Plex is the solution to that mess of random DVD rips, movies, and TV shows you've accumulated for the last decade, now scattered across your computer and dusty external hard drives. Unlike most streaming apps like Netflix or Disney Plus, Plex is primarily a personal media library tool, designed to wrangle your messy files into a slick interface that looks just as nice as the big streaming providers. It scans your files, pulls in metadata like the name, cover art, genre, and description, and sorts and tags everything for you.

The simplest version of a Plex server is a convenient library you run and watch on a PC. But with a little more setup, you can stream from your Plex server to your TV in the living room, a games console, or even your smartphone when you're out of the house. You can share your media library with friends, create custom playlists, or use Plex as a DVR to record live TV. And starting in 2020, Plex expanded beyond your personal media, with a selection of free streaming movies and TV shows to check out (with ads, of course).

Plex does almost everything for free, but it also has a paid tier called Plex Pass for some exclusive features, like downloading files to your phone and getting access to new updates sooner. Because Plex is so versatile, you'll need to wrap your head around everything it can do – and figure out exactly what you want to do with it – before you decide if Plex Pass is worth paying for.

Plex price and release date 

Plex started in 2007 as a version of XBMC, a popular open source media player that was first built to run on the original Xbox. Plex eventually forked into its own project and is still similar in many ways to XBMC, which was renamed Kodi in 2014. Both are media library organization and streaming tools first and foremost, but Plex has made a big push in the last year to integrate its own content with ad-supported movie and TV streaming and a partnership with Tidal for music (which requires a separate subscription).

Most people who use Plex probably don't need to pay anything for it, because much of its core functionality works perfectly well without Plex Pass. You can download the free app on just about any platform you can think of. It's free on Windows, Mac, and Linux, every major streaming device, Xbox, and PlayStation (but not the Nintendo Switch, unfortunately). Running your own Plex server is completely free, too. The mobile versions on iOS and Android are technically free to download, but you'll need to pay $5 to "unlock" them, or you're limited to watching only one minute of video at a time. Unless you're exclusively using Plex on your phone to rewatch Quibi shows, one minute probably isn't going to cut it.

Plex Pass, the premium option, can be purchased at a few different price tiers:

Plex Pass includes premium versions of Plex's music and photo library features, but the more significant perks are live TV DVR support, mobile syncing (wirelessly downloading files to your phone), and hardware acceleration – the ability for your PC or other device hosting your Plex server to tap into its graphics processor's power for more efficient streaming. 

One important note: while paying the $5 to unlock the mobile versions of Plex doesn't grant you access to any of the advanced Plex Pass features, paying for Plex Pass does unlock the mobile apps for as long as you're subscribed. Plex also occasionally offers a discount on the lifetime Plex Pass, if you're signed up for a free account and receive emails.  

Using Plex to build your own media library 

This is why I use Plex. After years of troubleshooting the best way to play movie files on my TV and fiddling with USB sticks and external HDDs and long-ass HDMI cables, I decided to build a Plex server to host all my media, making it accessible on any device in my home or when I'm traveling. Also, I spend a lot less time organizing files into folders than I used to, because once Plex scans your library, it doesn't matter how messy your file system is. The two best things about Plex are how it organizes files for you, and how it then helps you play them on different devices.

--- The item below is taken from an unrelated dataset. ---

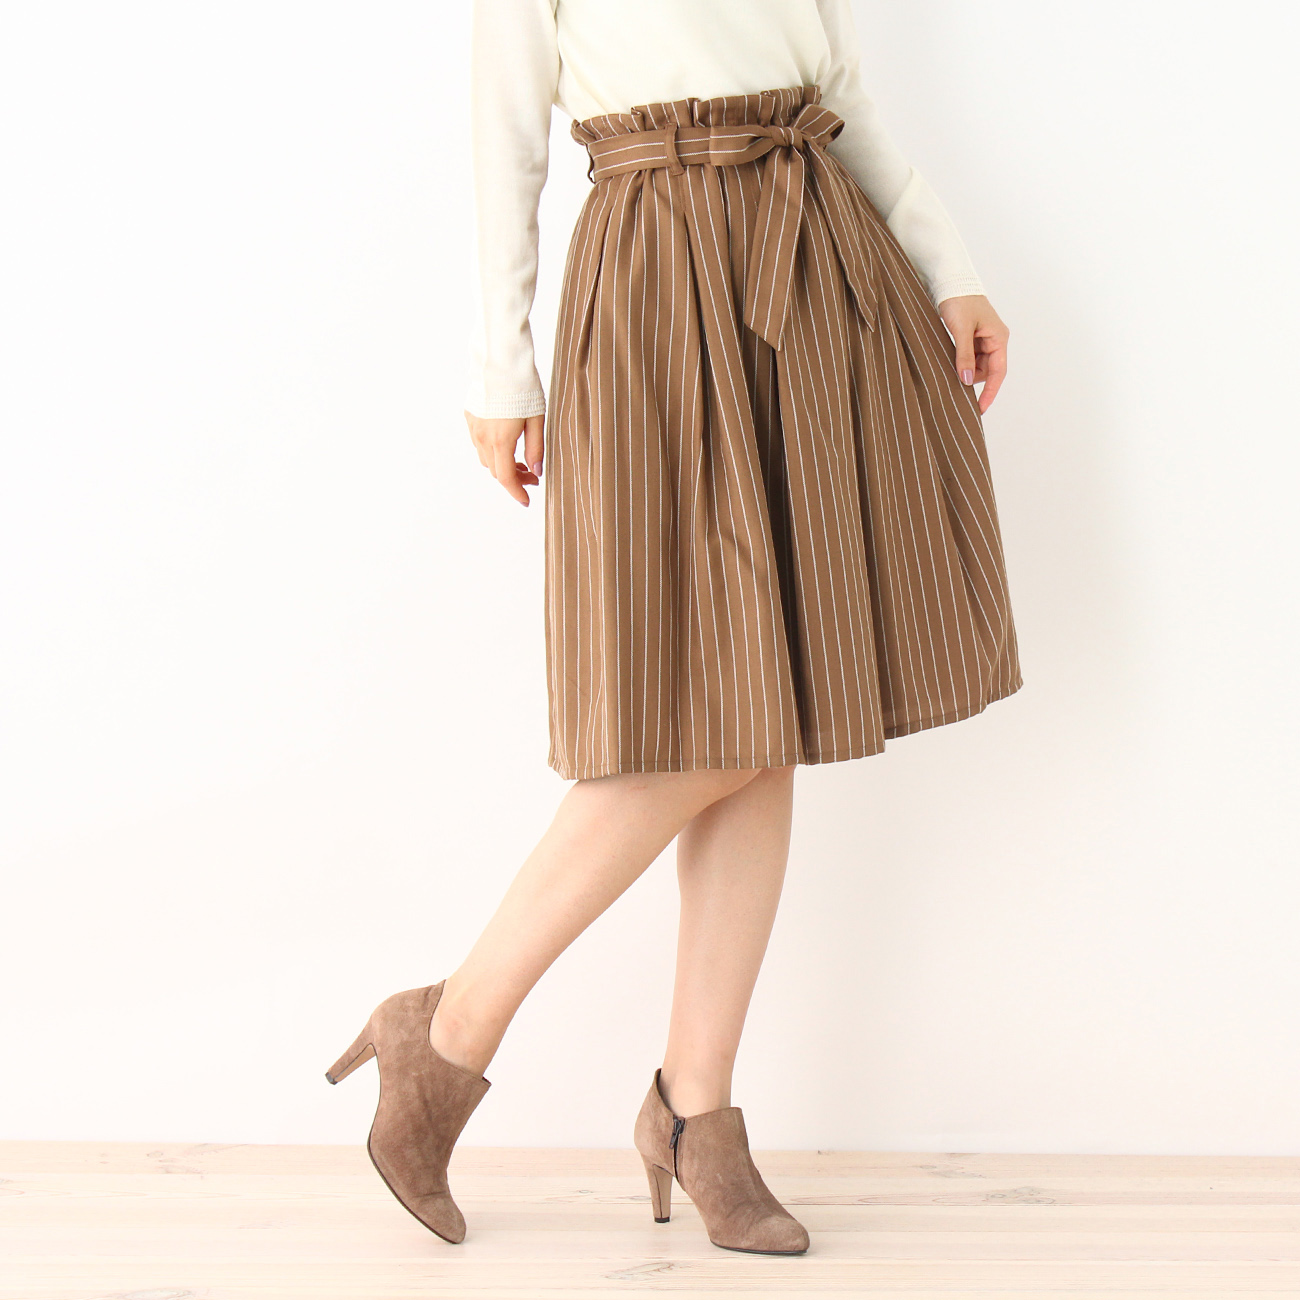 【SOUP (スープ)】INCEDE 先染めストライプギャザースカートレディース スカート|ひざ丈 キャメル

The setup process for Plex is wonderfully easy. To use Plex, you need a server to manage your files and a client to play them. These can actually be the same device – a PC, for example, can host a Plex server and then play your videos through a desktop app or web browser. You can also host a Plex server with tons of storage on a NAS or run a budget, low-power server on a Raspberry Pi. The Nvidia Shield TV is another option, a powerful streaming box that can serve as both server and client. Setting it up takes just a few minutes, including downloading Plex, creating a free account, and pointing it at where you keep your files.

Plex asks you to set up libraries like Movies, TV, and Music, and it then matches the names of your files to vast databases of metadata. Depending on how you name your files, this process could feel like magic as you watch art and descriptions pop in for everything, or it could be a bit frustrating as Plex fails to find a match for that .mp4 inexplicably named "Th3 PR35T1G3." 

You can either rename files that Plex fails to match, or use Plex's interface to tell it what it's looking at. I've found incorrect matches are rare, and Plex has been able to match even the most obscure movies in my collection with a bit of help. TV shows require a bit more organization, like being sorted into folders by season or following a clear nomenclature like "Lost S2E03." There are tools out there like Filebot that can be helpful if your files are a real mess.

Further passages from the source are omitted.